_ABOUT THIS TASK_
Ignore the pictures in the data below and set down exactly the lines from its first line through the line containing "Blau ist die".

_GIVEN MATERIAL_
[Start of section]

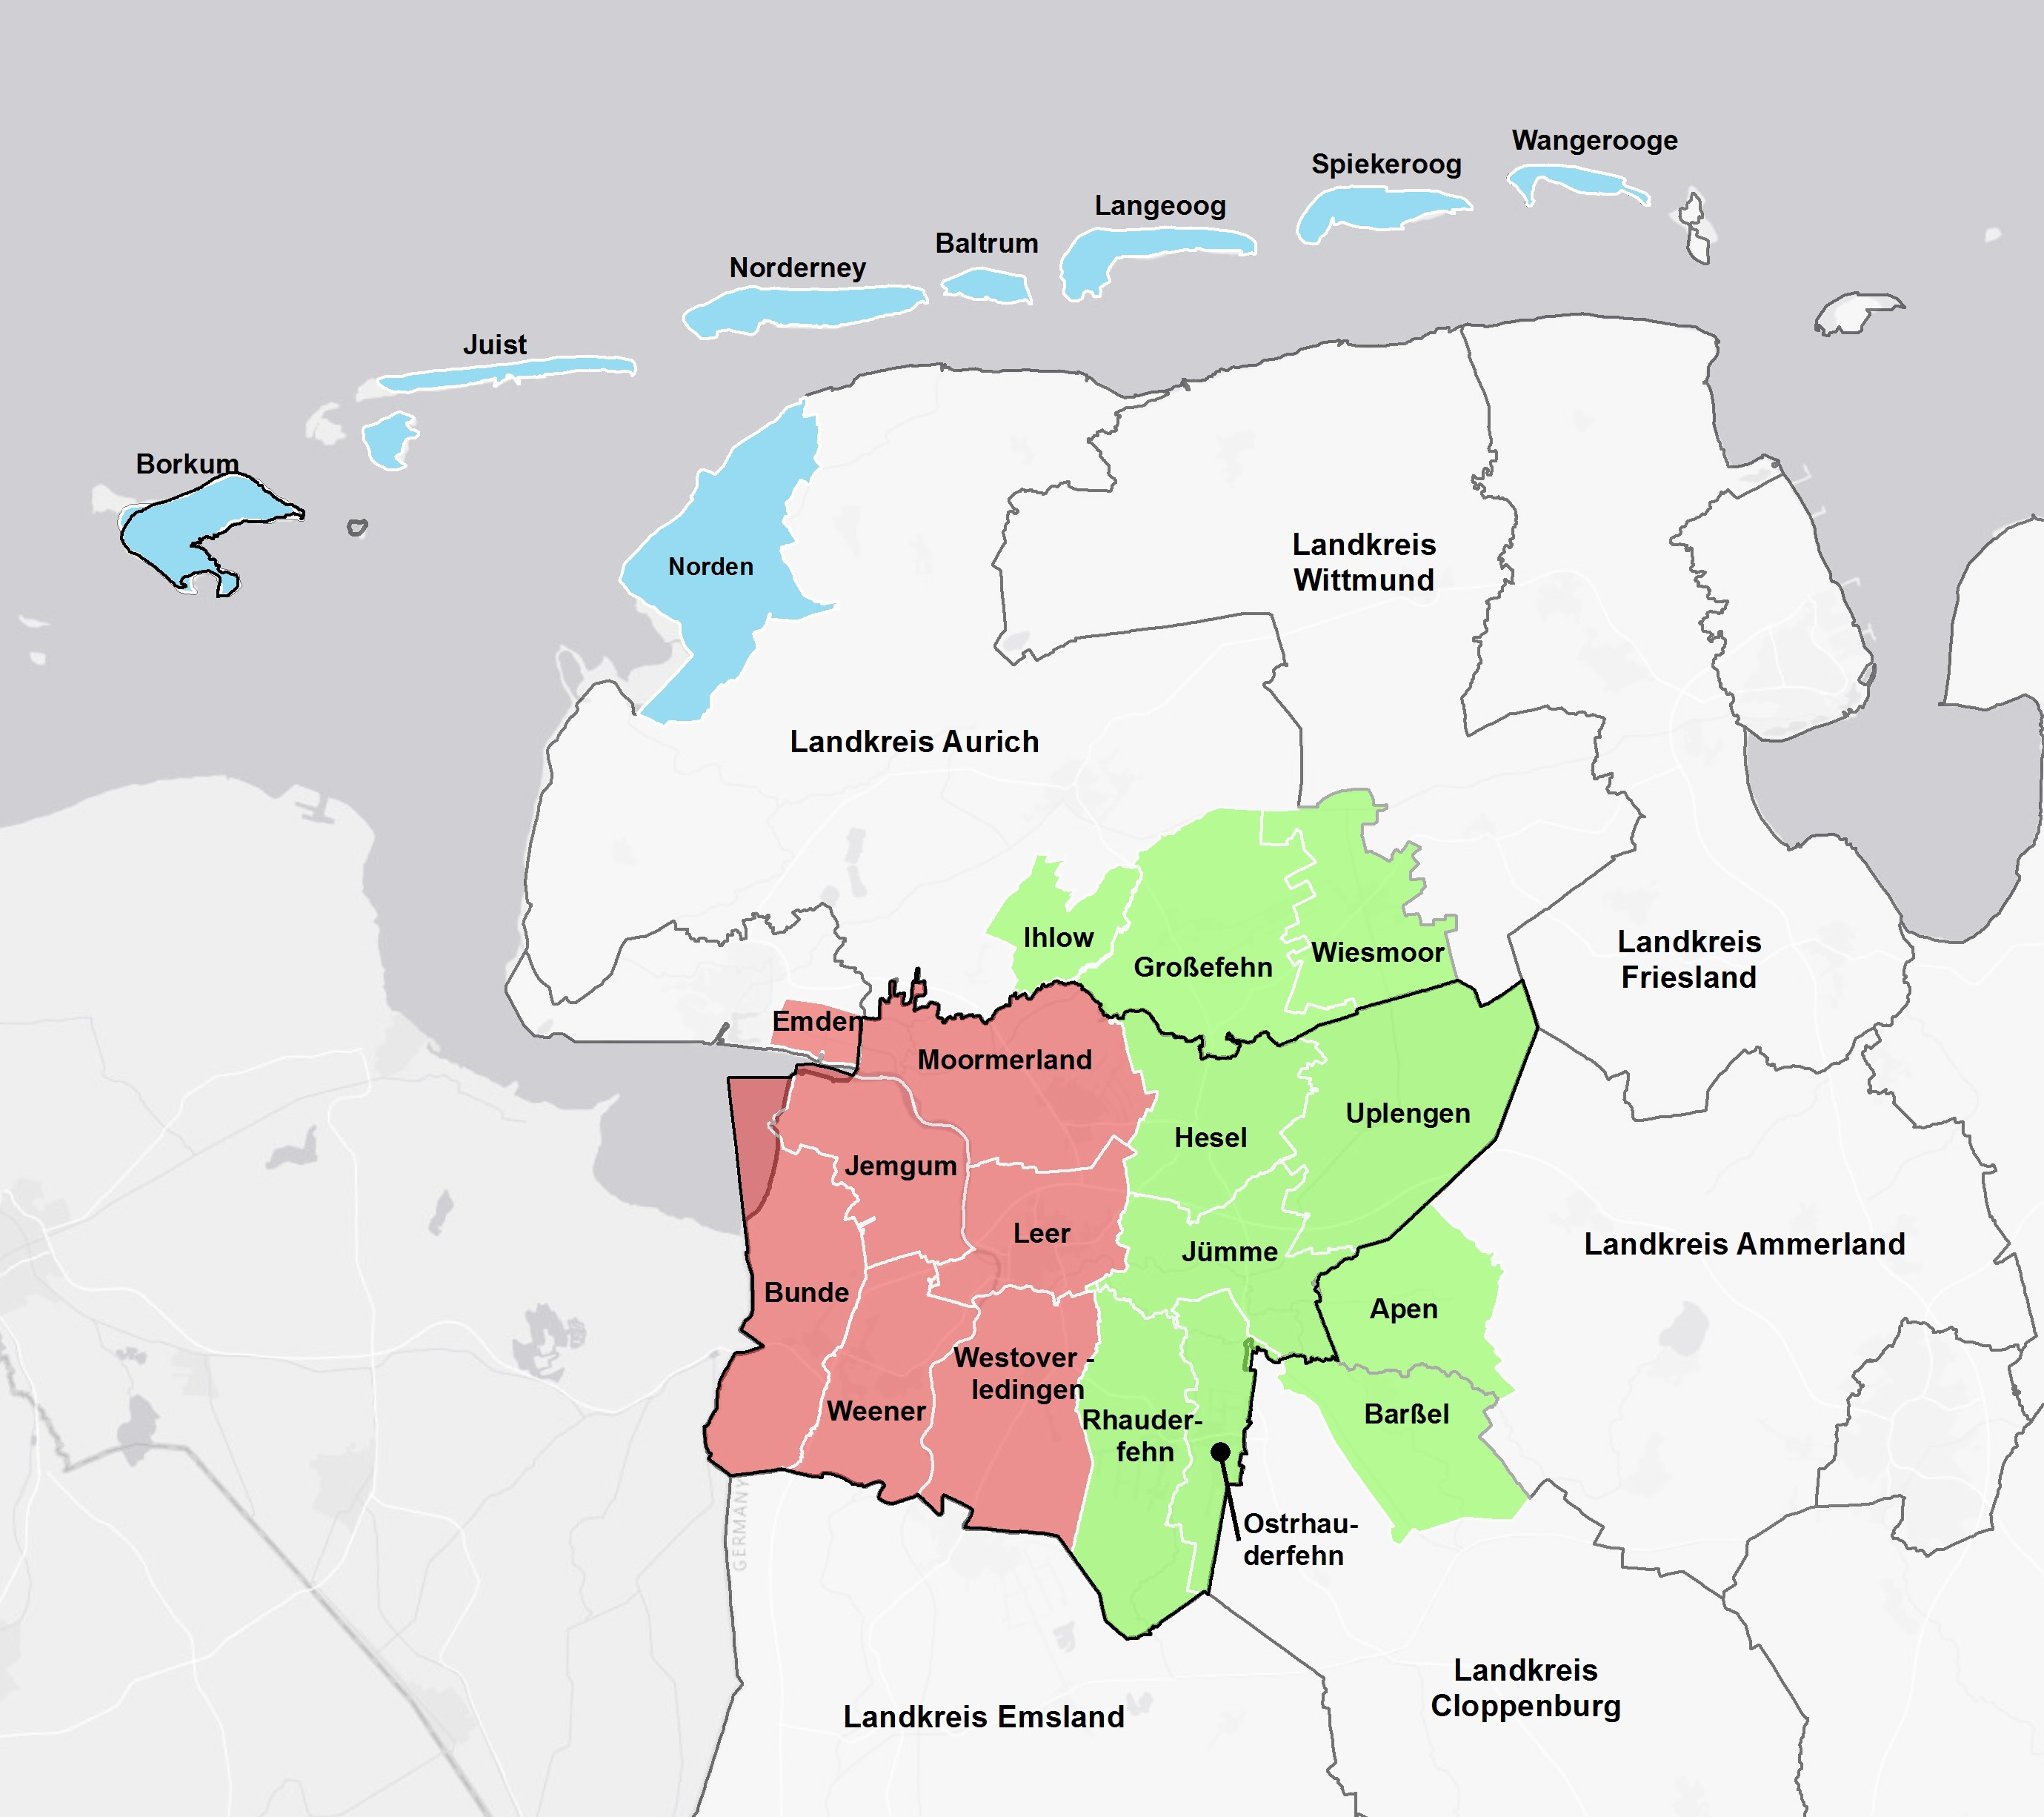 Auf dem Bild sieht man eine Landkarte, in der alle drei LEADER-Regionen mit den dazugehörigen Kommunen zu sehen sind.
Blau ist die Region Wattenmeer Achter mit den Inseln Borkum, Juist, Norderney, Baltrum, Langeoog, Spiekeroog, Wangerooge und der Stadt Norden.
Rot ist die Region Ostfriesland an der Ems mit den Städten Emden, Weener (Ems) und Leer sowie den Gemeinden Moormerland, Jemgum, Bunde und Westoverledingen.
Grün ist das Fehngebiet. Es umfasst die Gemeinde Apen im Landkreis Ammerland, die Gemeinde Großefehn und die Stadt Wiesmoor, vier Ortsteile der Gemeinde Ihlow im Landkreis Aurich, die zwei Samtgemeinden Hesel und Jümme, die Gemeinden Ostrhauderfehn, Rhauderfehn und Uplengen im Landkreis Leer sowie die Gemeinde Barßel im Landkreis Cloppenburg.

[End of section]

_WRITTEN RESPONSE_
 Auf dem Bild sieht man eine Landkarte, in der alle drei LEADER-Regionen mit den dazugehörigen Kommunen zu sehen sind.
Blau ist die Region Wattenmeer Achter mit den Inseln Borkum, Juist, Norderney, Baltrum, Langeoog, Spiekeroog, Wangerooge und der Stadt Norden.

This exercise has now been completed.